May 25, 2005

OpenVPN for tunneling IPv6

One particularly useful OS X hack I've done recently was setting up openvpn as an IPv6 gateway for my machine at the office.

When I signed on with my company, they stuck a PC on my desk. I immediately wiped the drive and installed FreeBSD on it. FreeBSD is a good server-class OS, but the Mac has utterly spoiled me. So I actually bought myself a Mac Mini to use at work. It will be a while before there's any IT budget for a new machine for me, and in the meantime the mini is just fine, and it was very inexpensive, as things go.

I like IPv6 quite a bit. It's a great way to leave behind all of the restrictions and inconveniences that NAT impose. Anywhere I have a routable IPv4 address, I can set up 6to4 and do things like directly ssh to machines at home on the inside LAN.

Well, at work I don't have a public IPv4 address. To make a long story short, tunneling IPv6 over IPv4 just wasn't going to fly with the corporate firewall. I didn't want to make a big issue or anything, so I decided to tunnel over UDP. The easiest way to do that, of course, is with openvpn. So to make a long story short, I was able to set up IPv6 connectivity between my office machine and the house pretty easily.

Then along came the mac. What to do? Well, the mac is Unix-y enough that building and installing openvpn is no problem at all. Rather than fetch and install the LZO library, I simply added "--disable-lzo" to the configure command, then a make and make install. One last task is to obtain a tunnel driver for OS X.

Posted by nsayer at 02:44 PM | Comments (3)

Not much going on

I still have on my to-do list the conversion of the site to Serendipity. I would love to use WordPress, but they don't support PostgreSQL.

I've actually been doing lots of hacking lately on the house. I added a reverse osmosis system under the kitchen sink, then ran a branch from the output side of that over to the fridge and installed an ice maker. What struck me while I was doing all this was how little there was on the web about those subjects. I thought you could find anything on the Internet.

The RO system was straightforward enough. The whole system is piped with 3/8 inch and 1/4 inch Polyethylene tubing. The tubing connects from point to point with quick connect fittings (with the one exception being the connection to the water supply - that one is a compression fitting).

The hard part was figuring out how to connect the reject water output up to the sink drain. I wound up adding a dishwasher drain connection fitting to replace a piece of PVC under the side of the sink without the disposer. Then a baffling set of tubing and adapters took it from the barbed dishwasher fitting down to the 3/8" reject water tube. No sane plumber would have done it that way, but it doesn't leak, and I can get away with it because that water is not under pressure (the reject water hose comes from an air gap built in to the faucet and is gravity-fed to the drain).
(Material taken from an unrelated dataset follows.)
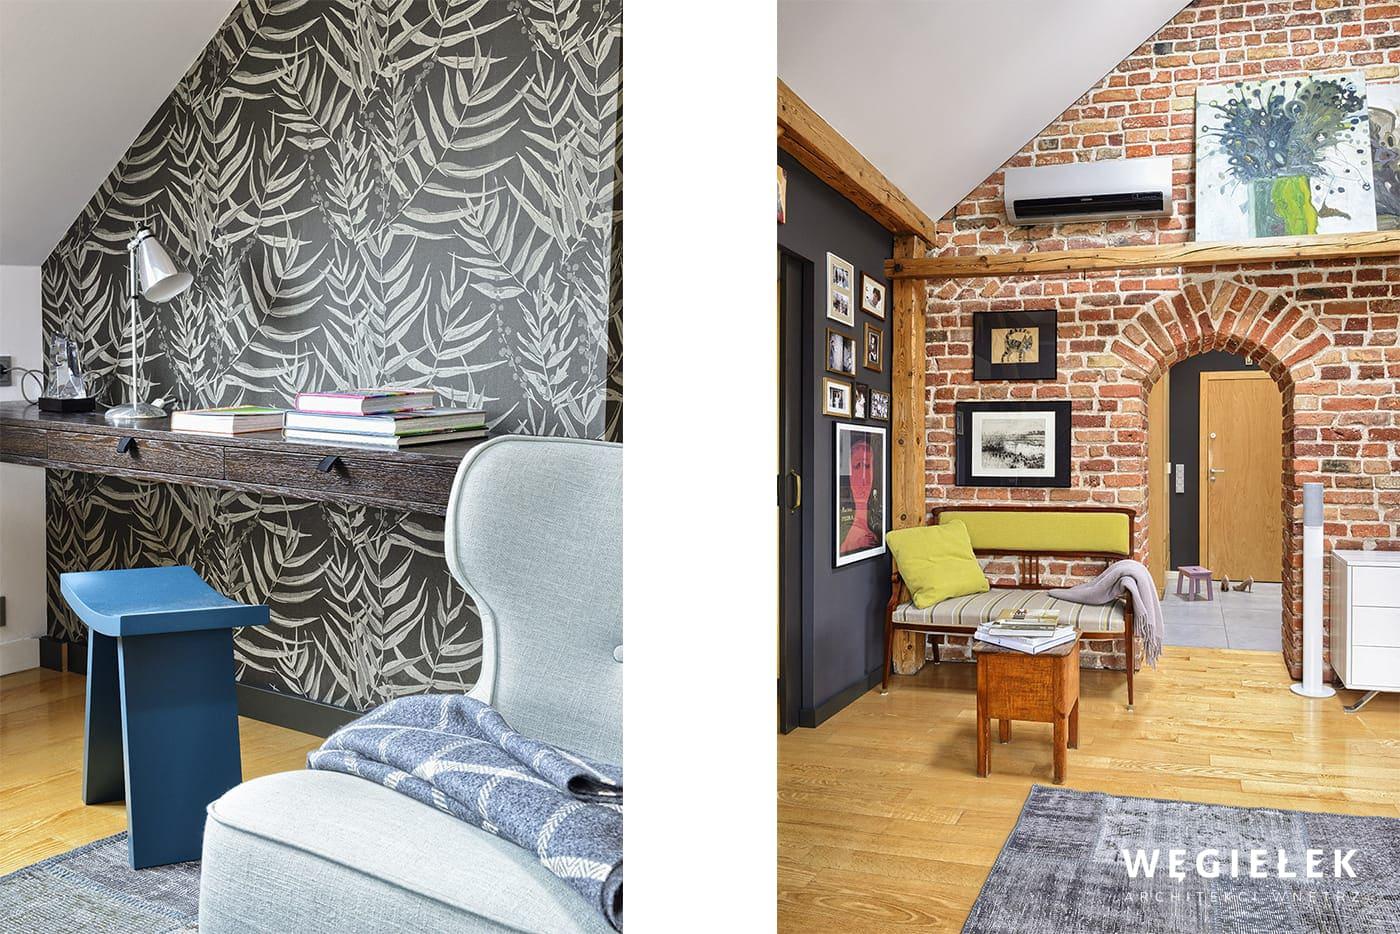 Biurko zawieszone na ścianie, wykorzystujące przestrzeń we wnęce może zachwycać. Ten pomysł projektanta poddasza jest bardzo praktycznym rozwiązaniem.

After the RO system was installed and set up, I turned it off, emptied the tank and cut the supply tubing on its way to the faucet and put a T, a short piece of Polyethylene tubing and a valve, all quick-connect. Then I waited for the weekend so I could get a friend to climb under the house and run the polyethylene tubing from a hole in the sink cabinet over to the wall behind the fridge. I bought a small 'ice maker hookup box' from Home Depot to mount in the drywall behind the fridge. That was made with a 1/2" screw connection, but it was easy to add some adapters to turn that into another 3/8" quick connect fitting, ready to receive the 3/8" poly tubing. The "user" side of the box has a standard 1/4" compression fitting for soft copper pipe to the fridge.

It took a couple hours before I was convinced that none of the fittings were leaking. They warned against overtightening the copper compression fittings, but it turns out their warnings, IMHO, were overstated. I had to tighten those damn things pretty tight before they stopped leaking. The other leaky spot was the adapter from the 1/2" threaded copper valve to the quick connect adapter. You need lots of teflon tape for a plastic-to-copper screw connection, I guess.

My wife is exstatic about the whole set up. We have really good tasting water and ice cubes that don't make "floaties" in the water (or iced tea).